The 307th Hospital of the Chinese People's Liberation Army, commonly called the 307 Hospital (), is a hospital in China. It is in Fengtai District, Beijing. The hospital combines medical treatment, research, and educational studies into a comprehensive hospital, which is one of the first designated medical institutions with medical insurance coverage in Beijing. 307 Hospital of PLA is appointed as the National Clinical Hospital of Disease Control.

History
The hospital was formerly the Isotope Hospital of Ministry of Health, founded in Haidian District Beijing in 1957. In 1958, the hospital had transferred to the People's Liberation Army and renamed 307 Hospital of PLA.

In September 1981, 307 Hospital of PLA started to use the name of the Affiliated Hospital of Military Medical Sciences.

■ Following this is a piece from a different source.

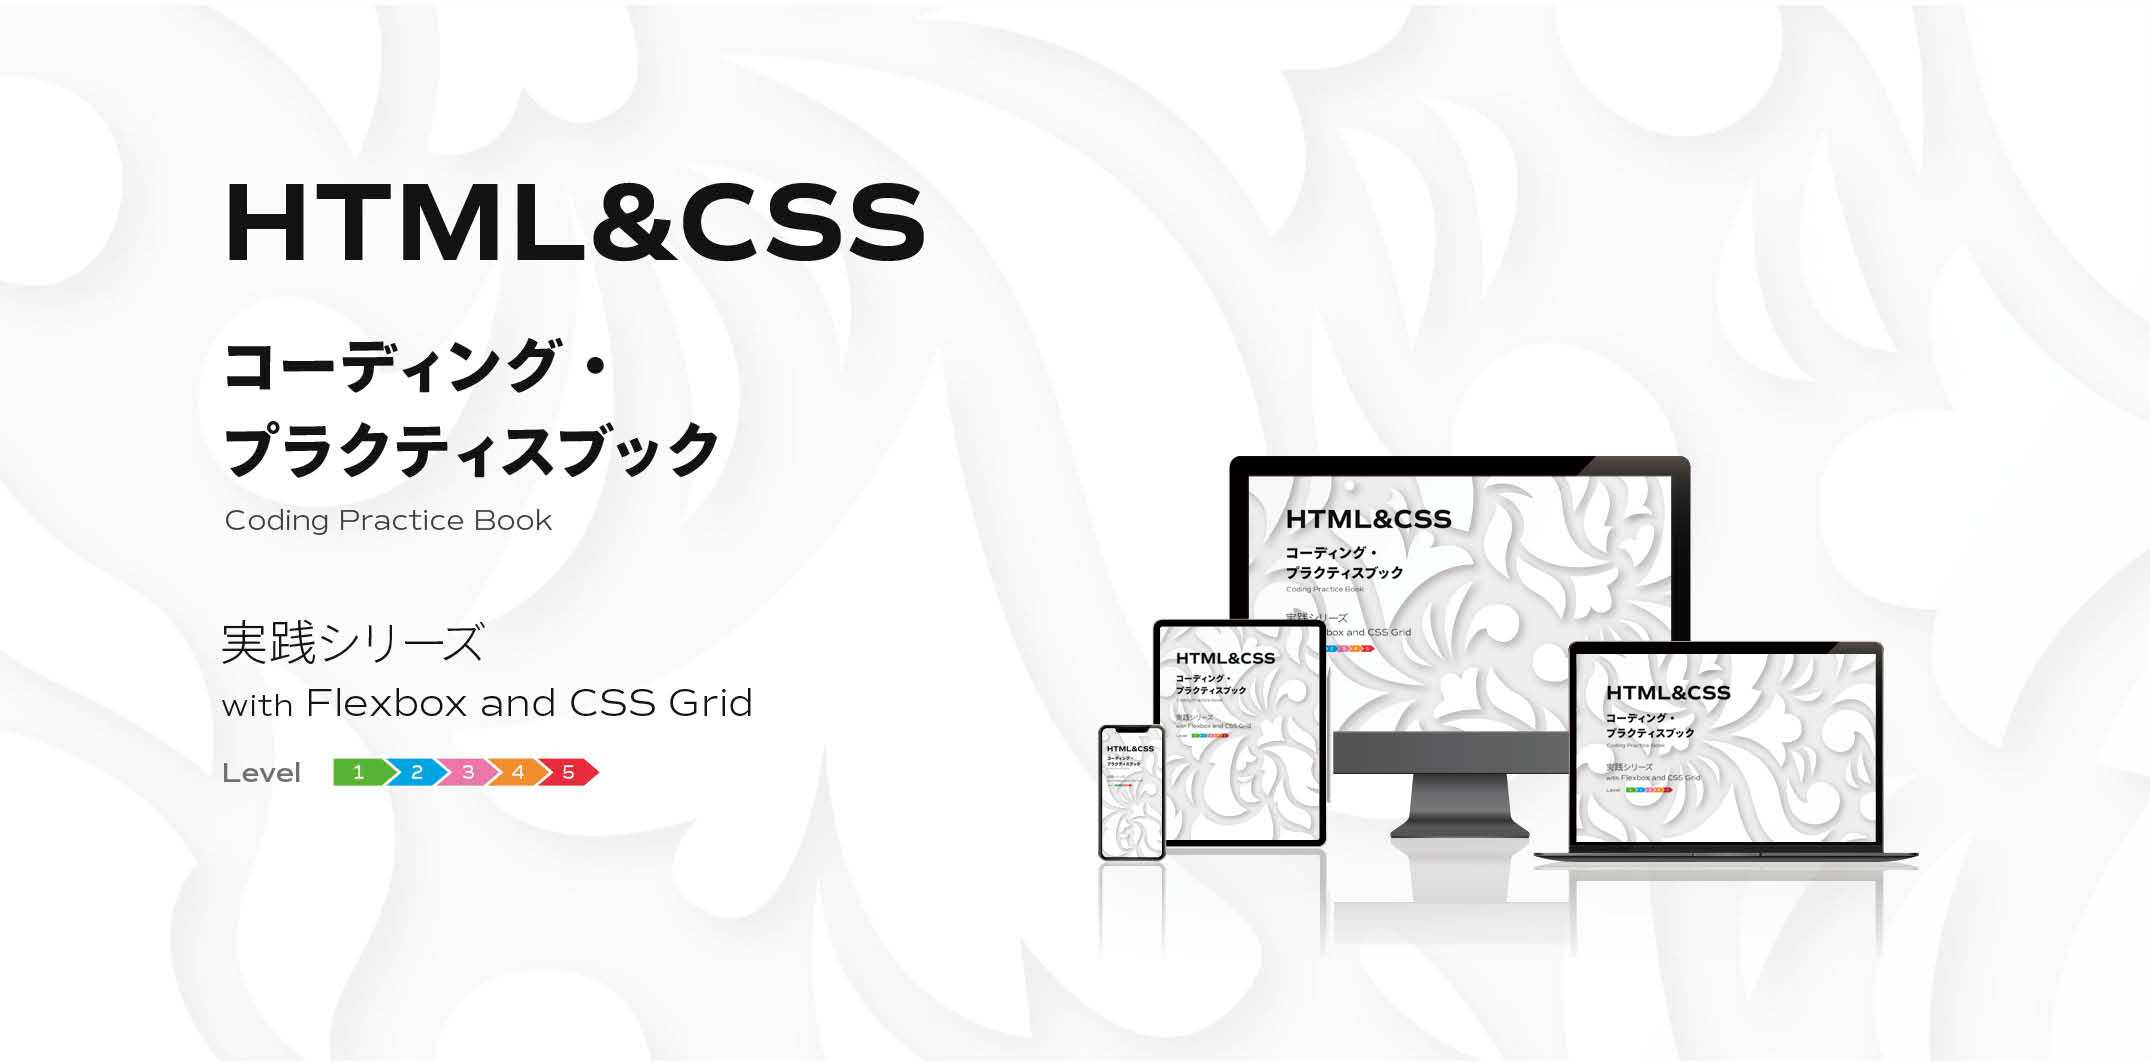 HTML&CSS コーディング・プラクティスブック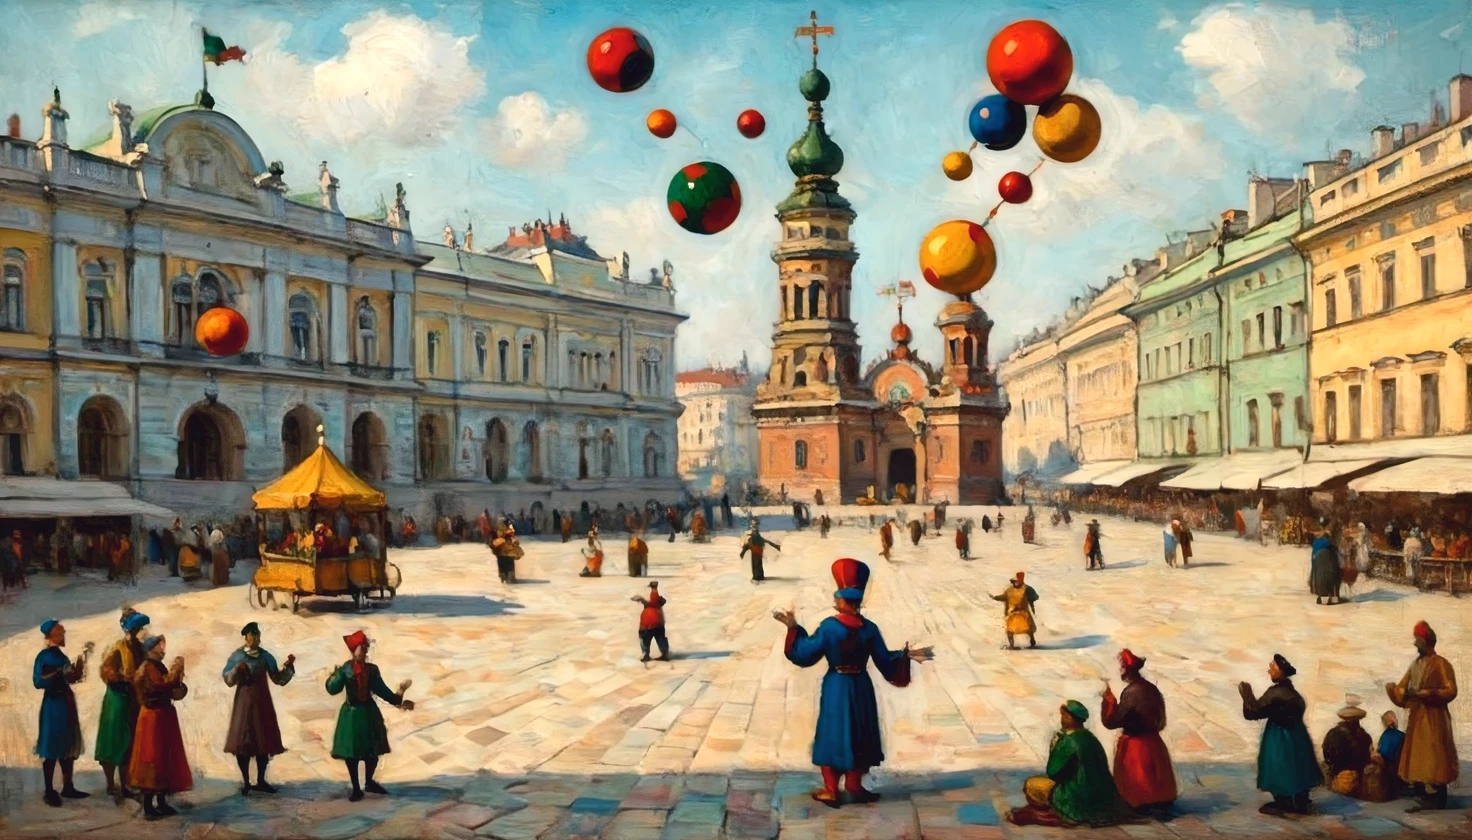 예술가 바실리 칸딘스키의 캔버스에 유화, ((광대 요술쟁이)) 성 궁전 광장에. 피터 스 버그, 광대 (저글링):1.다양한 색깔의 공 5개, multi-colored balls rotate around 광대, 바실리 칸딘스키의 스타일을 완벽하게 준수

At the same time, it also uses the name of 307 Hospital of PLA.

In June 1983, 307 Hospital of PLA became a division-level hospital.

In September 2005, the whole hospital was moved to Fengtai District from Haidian District.

In 2012, 307 Hospital of PLA was awarded as a class 1, Grade 3 general hospital.

Medical facilities
The hospital has over 1500 beds and 48 medical departments, such as hematology, ophthalmology, traditional Chinese medicine, etc. The radiology department provides medical service to over 20,000 patients annually.

Features Sections
The Hematology Department treatment centers include the Bone Marrow Transplant Center, Radiology Center, and Blood Collection and Donation Center. Here, more than one thousand leukemia patients have received the conventional bone marrow transplant.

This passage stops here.